Dan Andrews’ police state, Julian Assange waits on a phone call, and brands love saying they hate racism (while doing racist things). Catch up with all the latest tips and murmurs from the Crikey bunker.
Lora Norder
This morning Victorian Premier Dan Andrews warned people planning to protest against police treatment of Indigenous Australians this weekend: “If it is not peaceful, it is not a protest.”
He added: “Victoria Police will not tolerate violence.”
But what could Indigenous people in the “most progressive state in Australia” have to get angry about? It’s nothing like America — apart from the rate of Indigenous incarceration which has steadily increased under Andrews’ watch, the insidious militarisation of Victorian police, the expansion of policing roles and last year’s $1.8 billion prison expansion fund?
While the grotesque response of, say, New South Wales minister for police and human scandal factory David Elliott to heavy-handed policing of an Indigenous teenager would surprise no one, it’s worth interrogating Andrews, who frequently governs contrary to his more “progressive” rhetoric.
This is now, that was also now
As a subplot to the ruptures across the United States yesterday, Channel Seven journalist Amelia Brace and camera operator Tim Myers were among the many journalists attacked by riot police trying to clear the way for a presidential photo op. Prime Minister Scott Morrison — quite rightly — got swiftly on the blower to sort it out.
“The Prime Minister has informed us he’s been in touch with our embassy in Washington to have the matter urgently investigated,” the network’s news and public affairs boss Craig McPherson told The Australian.
Meanwhile, in the UK, Julian Assange’s hearing continues — although the man himself is too unwell to front court. We’re sure the Walkley-winning publisher facing 170 years in prison if extradited to the US would have loved a similar call at literally any point in the past decade.
The commissioner and Lawyer X
Shane Patton is the new chief commissioner of Victoria Police. According to journalist John Silvester’s extremely positive column reacting to the news (“He did what was right and would stare down those who wanted to lead him down dark paths”): “The search for [Graham] Ashton’s replacement was worldwide, [but] the smart money from the start was on a local and the smartest was on Patton.”
The problem with looking local is that practically anyone who has held any position of power in Victoria Police in the past few decades is going to find it hard to avoid at least proximity to a scandal.

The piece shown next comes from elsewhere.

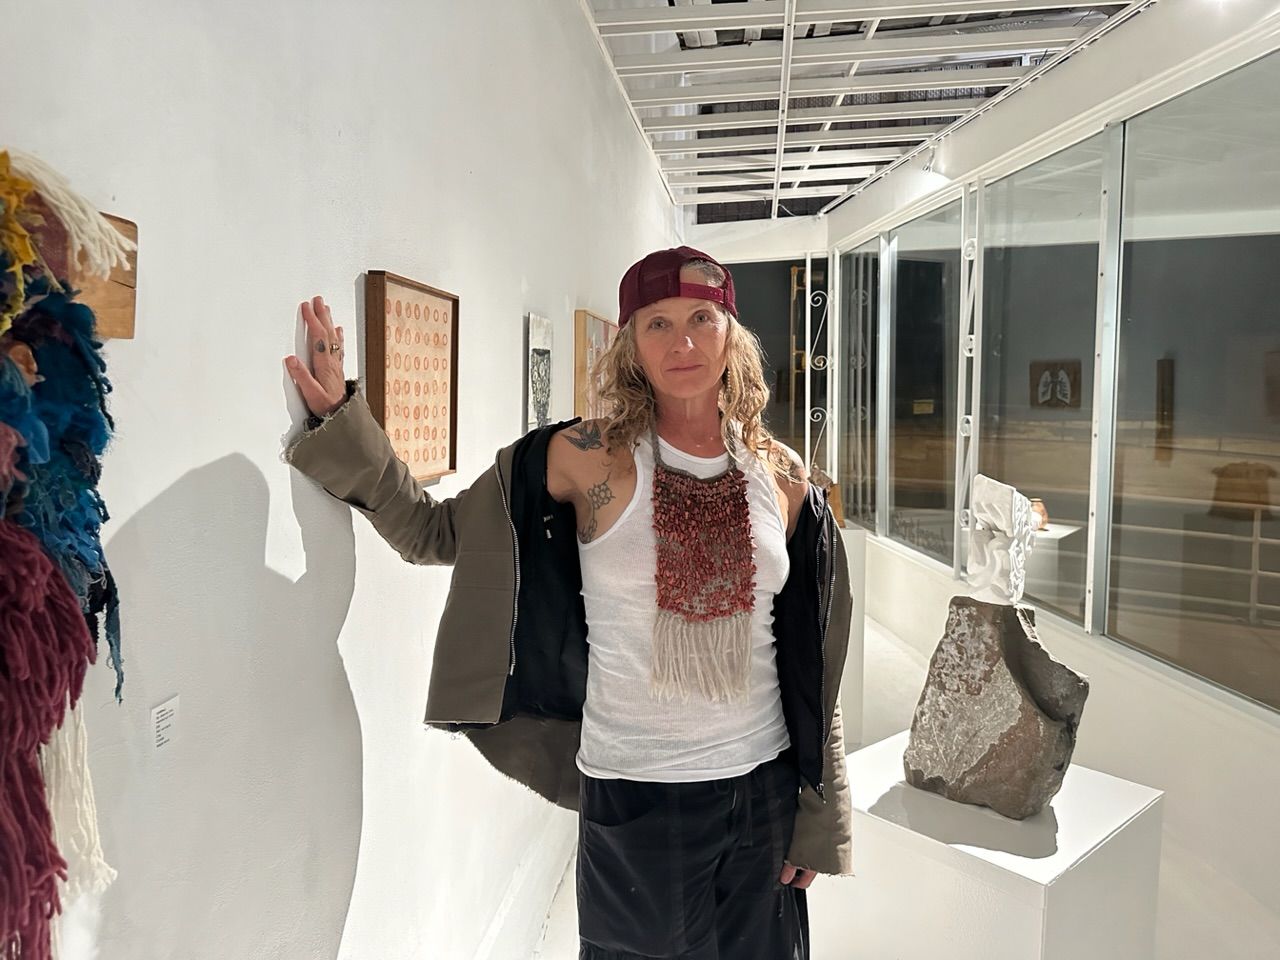 A woman stands in a gallery with white walls wearing a white shirt, red baseball cap, green jacket and a fiber sculpture necklace made of red coral and wool

While Patton had the gumption to go against his former boss during the Nicola Gobbo/Lawyer X royal commission, he was also part of efforts to keep the issue under wraps. In 2016 he went so far as to tell the director of public prosecutions — who had tried to tell several of Gobbo’s clients their convictions may have been unsafe — that court suppression orders prohibited him even using the term “Lawyer X”.
Corporate compassion
We could fill a daily column with examples of huge brands hopping on the social justice bandwagon, suddenly attaching their voice to a hashtag that just happens to be attracting the most eyeballs on Twitter and Instagram — and in some ways perhaps we should be glad that corporations see that as the way to greater profits.
But one or two really do stand out.
For example, L’Oreal’s sudden commitment to dismantling state-led oppression and racism:
The news that “speaking out is worth it” must come as a shock to Munroe Bergdorf. In August 2017 she became the first openly transgender model to front a L’Oréal UK campaign.
Following a now-infamous neo-Nazi rally in Charlottesville, Bergdorf posted (and later deleted) her exhaustion at “the racial violence of white people”. For her troubles she was ditched by the brand by September 1.
Then there’s Arsenal whose commitment to racial equality doesn’t seem to extend to China’s oppressed Uyghur minority, or at least those who speak out for them.